# What's with all the unsharping going on?



## thatcherk1 (Oct 14, 2011)

As I've been looking through the many photo contest submissions (especially in landscape), I'm blown away with how much "unsharp-mask"ing is going on. Holy smokes! I think it's probably the most over-used, misapplied function of photoshop, lightroom, etc. It has it's place of course. Subtle sharpening, subtle contrast enhancement. Or over-the-top extreme HDR (not my cup of tea, but still can look interesting). But it's all about moderation and subject. You can get away with bumping it up on clouds frequently. You can do some subtle work on faces or detailed objects. Or even a super detailed subject like a rusted out truck from the 40s, you can go crazy and get some nice surreal results.

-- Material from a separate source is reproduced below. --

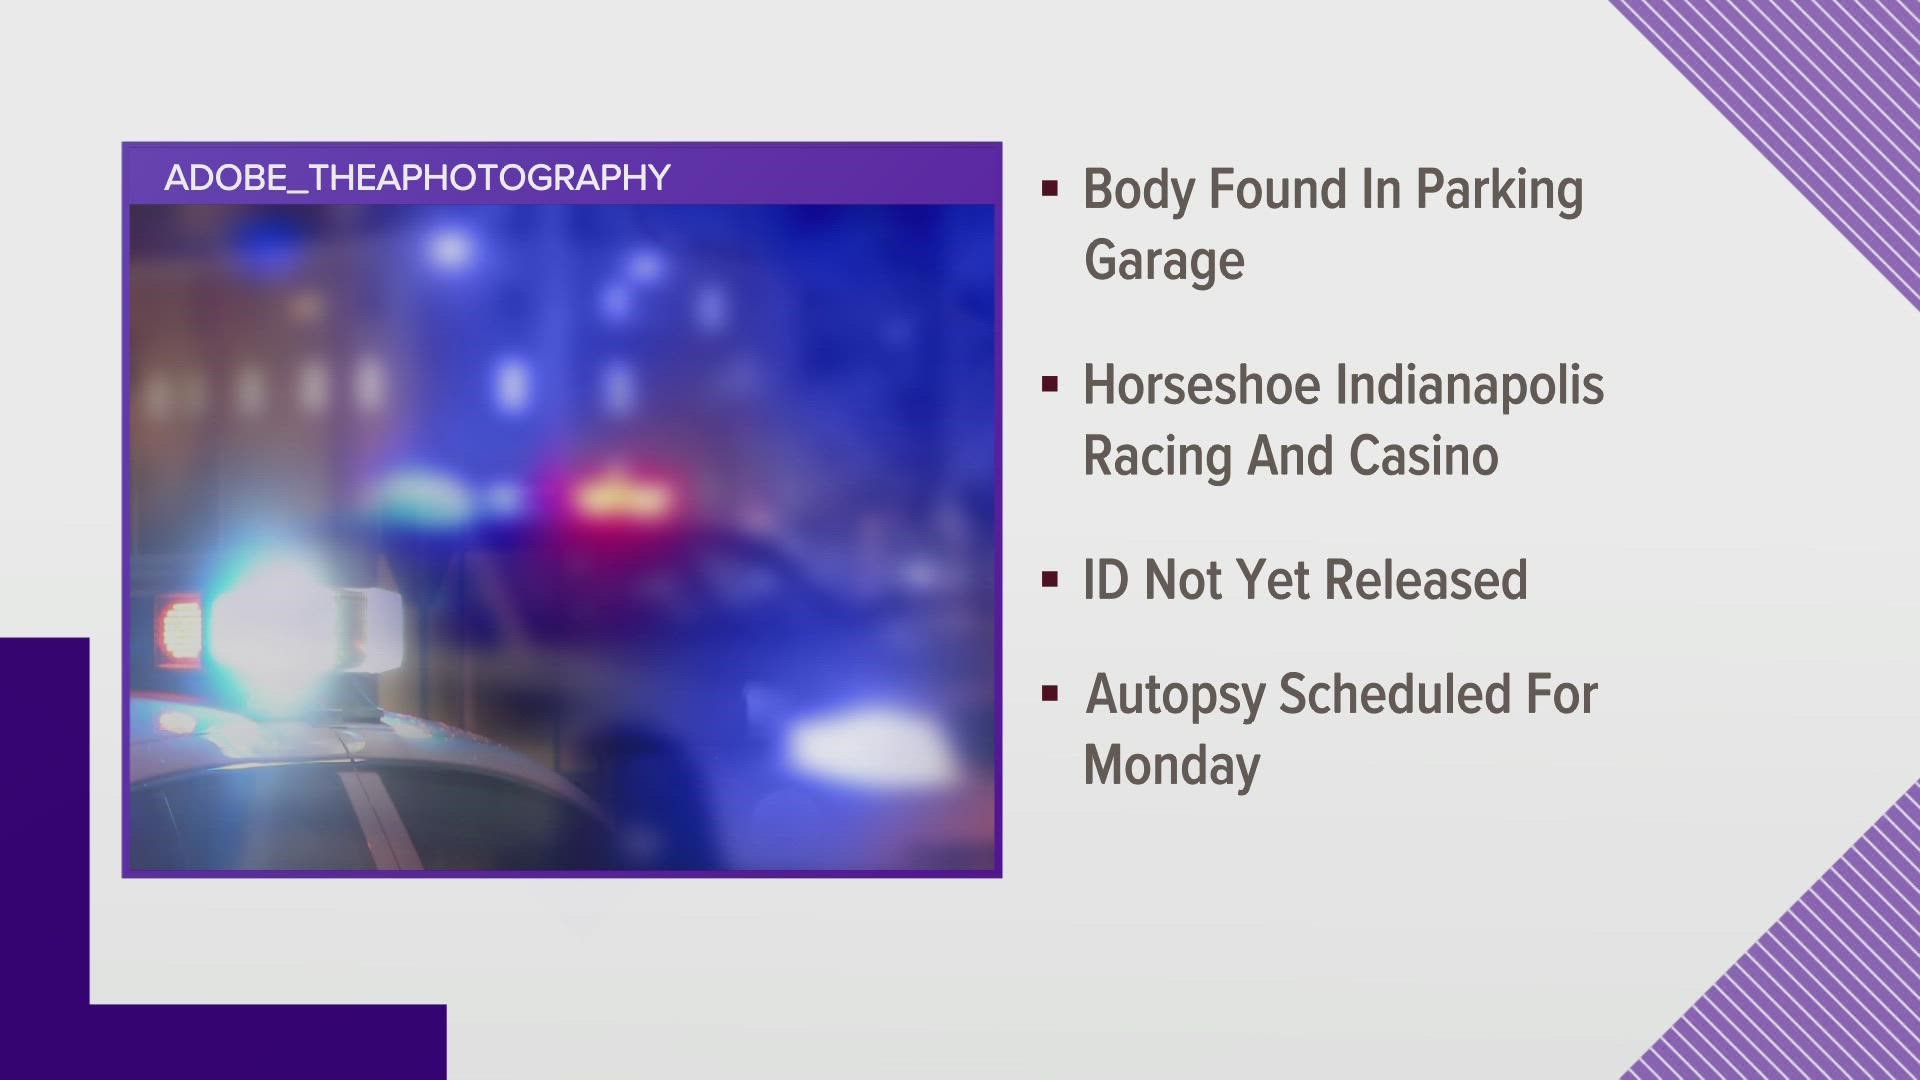 The coroner's office was called to Horseshoe Indianapolis Racing and Casino on a report of a person found dead in the casino's parking garage.

An example of what I mean:

*Administrator Note:*
Copyrighted images removed. 

Do not hot link or copy and post images that do not belong to you.


----------



## beardofzeus (Oct 14, 2011)

I really despise the halo effect noticeable around the rock in the first image. I think its from over use of the shadows/highlights feature in PS or overdoing HDR from a single image.


----------



## thatcherk1 (Oct 15, 2011)

beardofzeus said:


> I really despise the halo effect noticeable around the rock in the first image. I think its from over use of the shadows/highlights feature in PS or overdoing HDR from a single image.



I don't think it's because of a lack of photos. The thing is that an unsharp mask works to add contrast to areas of little contrast. But in that first shot, there is a good amount of contrast already between the rock and the background. So when you add localized contrast to it, it well...does that.


----------